Media Perspective: Open staff's ears to the best informative podcasts around

As you wander the veal-fattening pens of your newly open-plan agency, you've probably noticed that many of your staff are hunched at their desks with headphones strapped tightly to their ears.

You tell yourself they're all diligently working through the audio book of Trout On Positioning, or listening to their computer reading out contact reports, but we all know that's not true. They're listening to Nu Rave.

So my mission today is to suggest some advertising/media-related podcasts you can bring to their attention instead: headphone material which will educate and inform. You'll find all these by searching in iTunes.

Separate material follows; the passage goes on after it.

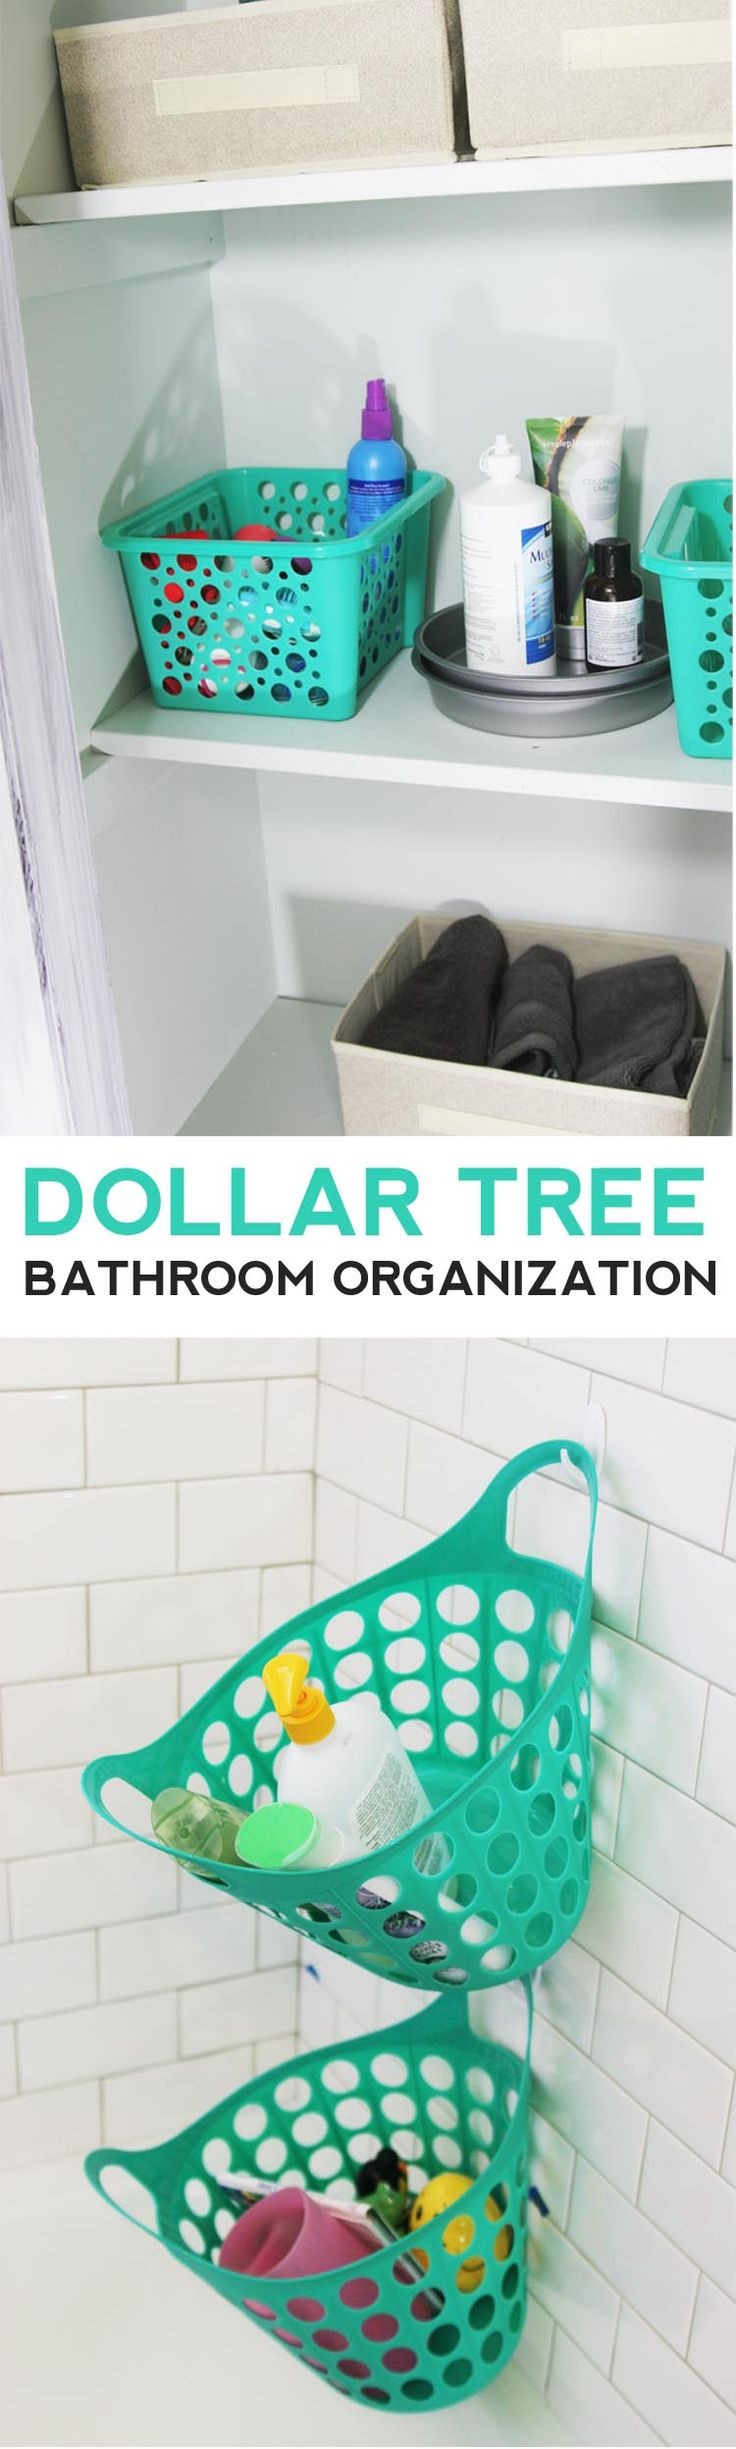 19 best Bathroom Storage and Organization images on Pinterest ...

If I had to pick only one, it would be "American Copywriter": the granddaddy of advertising podcasts, produced by two seasoned and hilarious creative directors in Kansas City (which as we all know is not in Kansas but Missouri). At irregular intervals, they'll get together over a beer and chew the fat on the advertising issues of the day. They offer advice for junior creatives, critiques of ads, philosophical musings about the nature of the business, stupid jokes and full-blooded swearing.

It's an essential listen, which is made more listenable because it's not full of the tedious advertising gossip from New York or Chicago. Why isn't anyone in the UK doing this? Or have I just missed it?

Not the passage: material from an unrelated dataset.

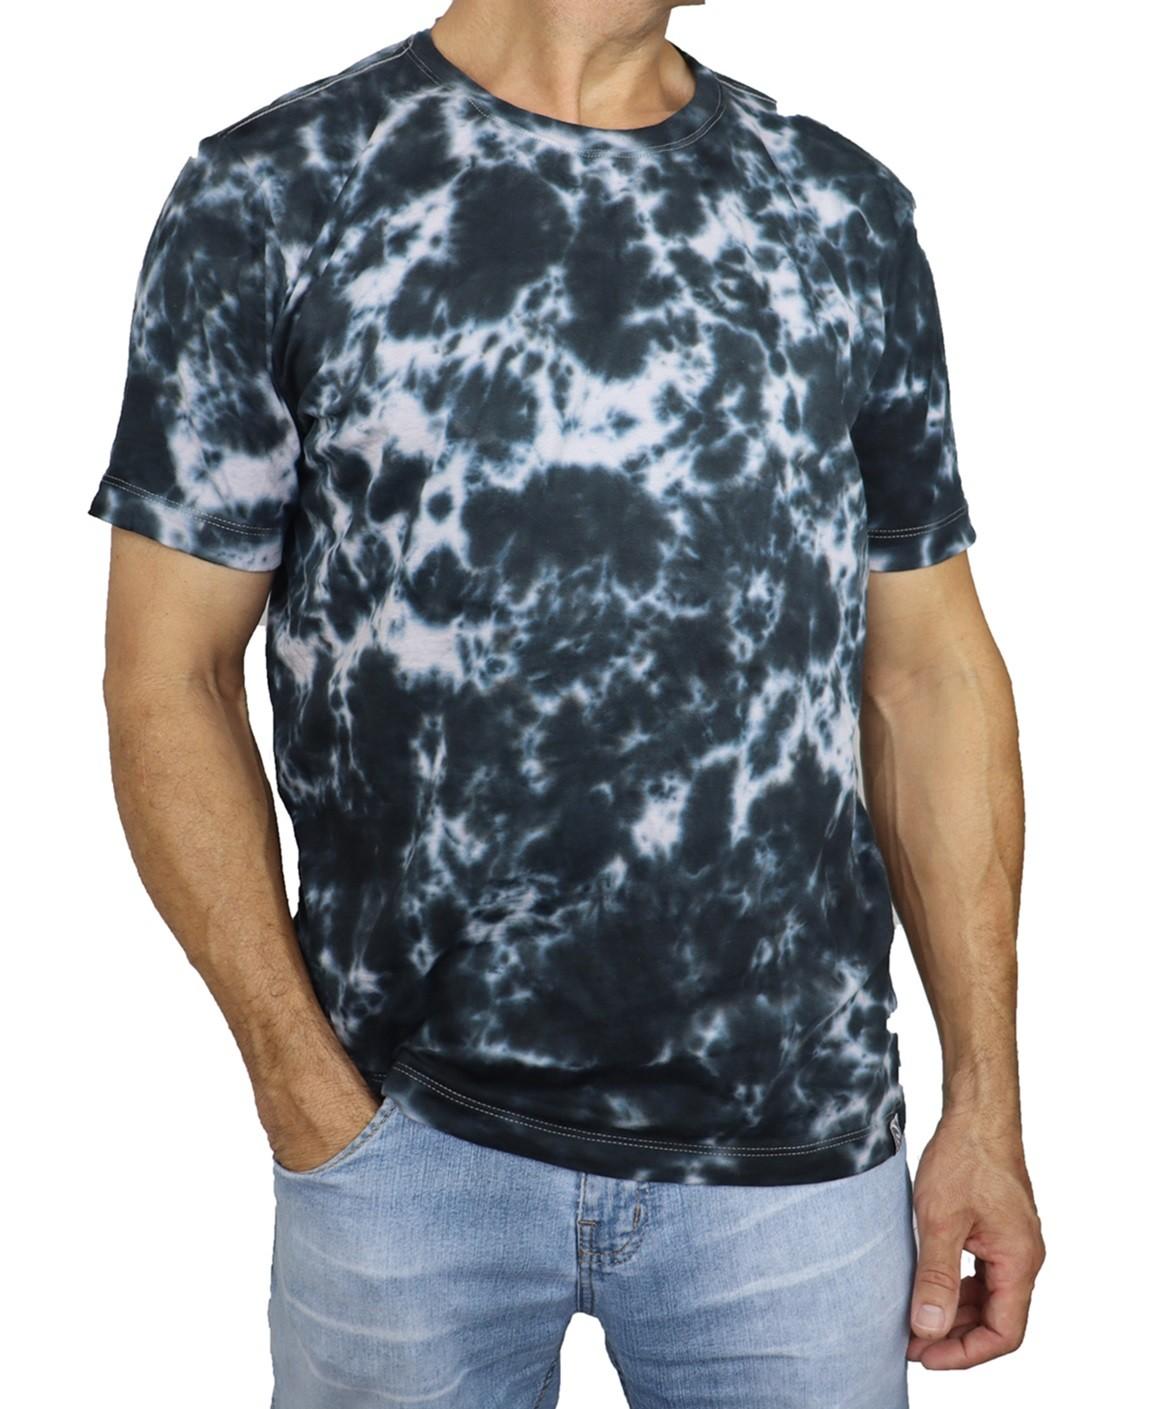 Camiseta Masculina Tie Dye Nuvem  - HF | High Flight

My second choice is a bit of a cheat, since it's really a radio programme, but I bet none of your employees listen to Radio 4, so get their listening gear wrapped around the excellent In Business.

The BBC is famously terrible at business coverage, but this is the honourable exception. Peter Day makes the arcane and unwieldy aspects of business clear and compelling and he has a good instinct for what's coming next. Listening to In Business would give your people a broader education about the world their clients are living in.

For a look at the UK media scene, it's also worth checking out The Guardian's "Media Talk" podcast. All the week's media news discussed and debated, with a little hint of the insidery gossip that makes you feel like you might know something slightly secret. ("Media" here means what people out in the real world call "media" and not The Huge Global Business Formerly Known As The Media Department.)

And while we're on a media tip, I should also point you at On The Media, made by WNYC in New York. It's a weekly hour of news and analysis of media stuff. There's a bias towards US material, but one of the presenters is Bob Garfield of Advertising Age, so when they cover advertising and marketing, they tend to do it well.

And that's it. Enjoy. Let me know if there's anything else we should all be listening to.